Pensar em ler o mundo me remete a fantástico texto de Ana Almeida sobre ensino jurídico. No artigo intitulado O Apartheid do direito: reflexões sobre o positivismo jurídico na periferia do capital, discute a leitura do direito por seus bacharéis e estudantes a partir dessa dupla possibilidade: de um lado, o ler estrito, superficial, senso comum, mais preocupado com as questões formais da lei e da norma; de outro, o ler associativo, científico-jurídico, preocupado com questões sociais basilares que direcionam a prática jurídica comprometida. 

A primeira abordagem é aquela que, segundo estudo da autora, permitiu que estudantes de direito ingressantes do curso defendessem o apartheid sul-africano: optavam pela condenação de um negro que entrasse em um ônibus reservado a brancos – um crime segundo o regime sabidamente racista -, “argumentando que a lei deveria ser cumprida sob pena de conivência com o caos social” (ALMEIDA, 2017, p. 871).

Ler Ana Almeida é traumático na medida em que nos choca com a realidade de que há pessoas iguais a nós que não compartilham do mesmo sentimento de igualdade entre todos.
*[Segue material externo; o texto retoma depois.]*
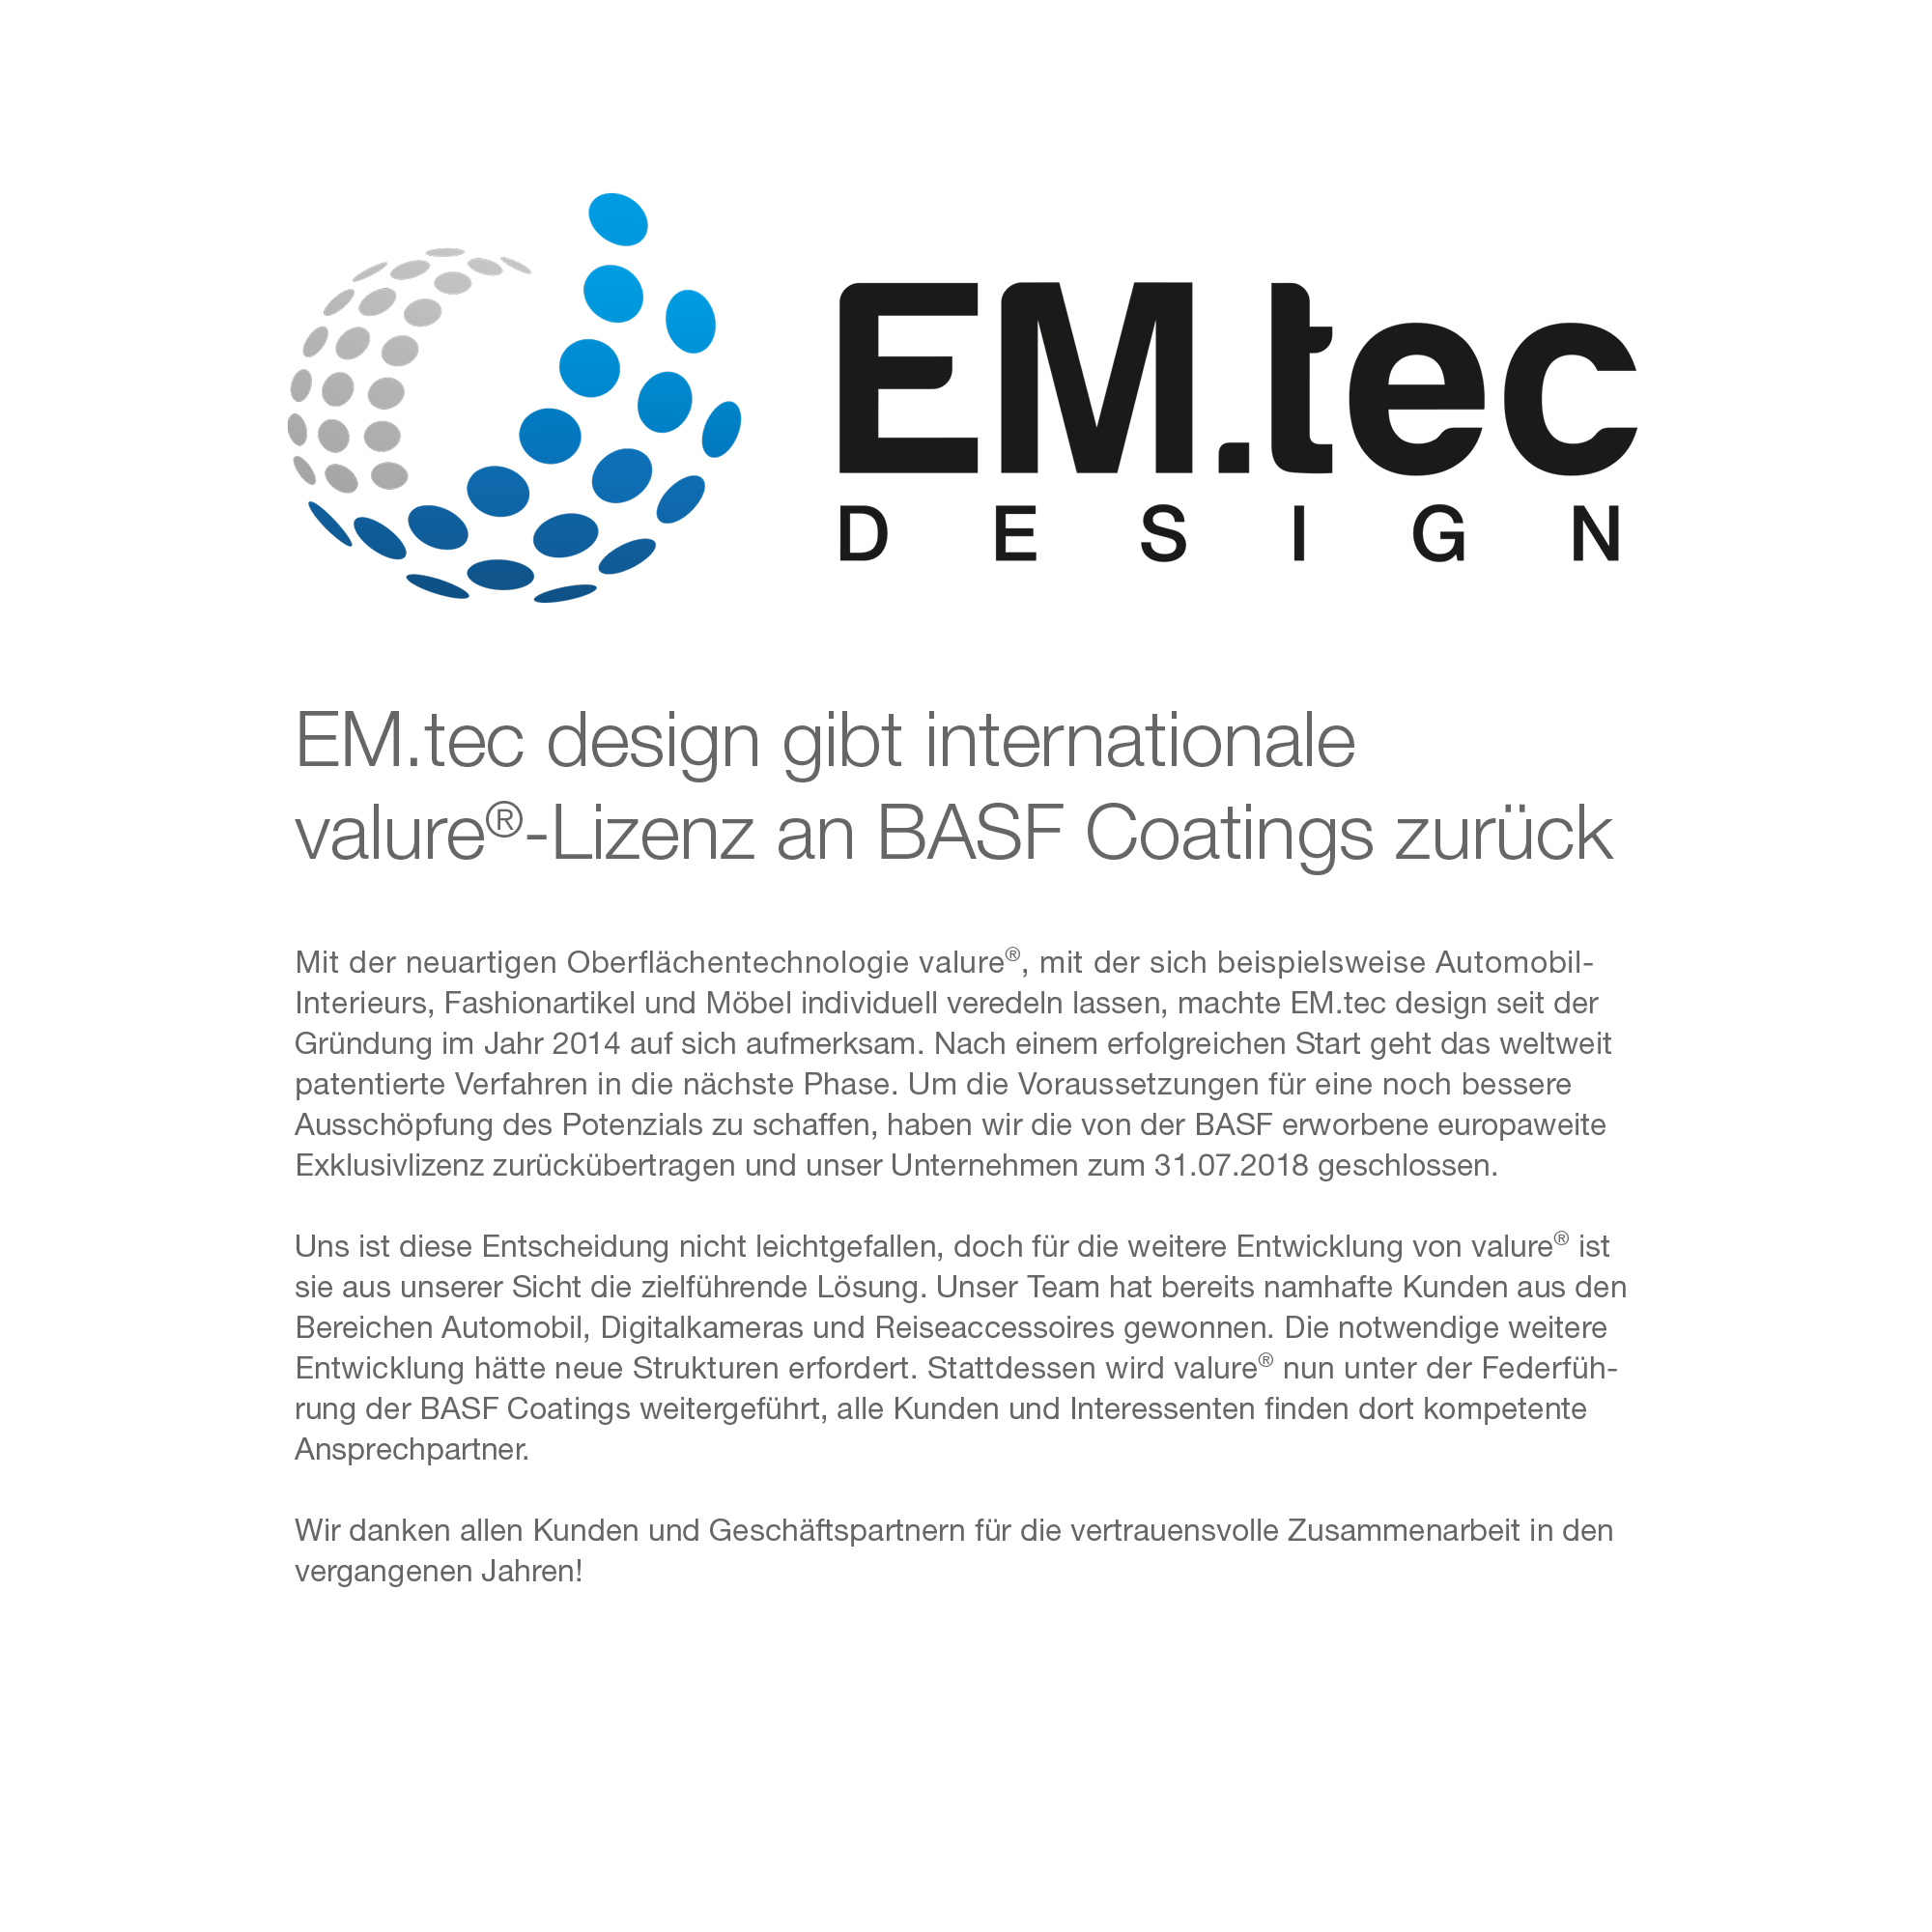 EM.tec design gibt internationale valure®-Lizenz an BASF Coatings zurück.

Uma pressuposição basilar, poderiam supor os entusiastas. Entretanto, a leitura superficial é mais comum do que gostaríamos. Ela é também apresentada citando-se Brás Cubas: “Não tinha outra filosofia.

Nem eu. Não digo que a universidade me não tivesse ensinado alguma, mas eu decorei-lhe só as fórmulas, o vocabulário, o esqueleto. Trateia-a como tratei o latim; embolsei três versos de Virgílio, dous de Horácio, uma dúzia de locuções morais e políticas, para as despesas da conversação. Tratei-os como tratei a história e a jurisprudência. Colhi de todas as cousas a fraseologia, a casca, a ornamentação” (ASSIS, 1997, p. 50 apud ALMEIDA, 2017, p. 879).

Opostamente à casca e à ornamentação está o conteúdo, a essência, que não é acessado senão através da forma. A leitura associativa, portanto, extrapola a forma, a repetição acrítica, trazendo à consciência o significado de cada palavra em determinado contexto, problematizando-o. Posto em outros termos, a leitura associativa abre a mente: possibilita leituras cada vez mais amplas. Esse é o exercício de “ler bem”. Conquanto não haja leituras “certas”, uma vez que várias associações são possíveis, a “boa leitura” faz algo mais do que meramente receber palavras concatenadas e repeti-las. 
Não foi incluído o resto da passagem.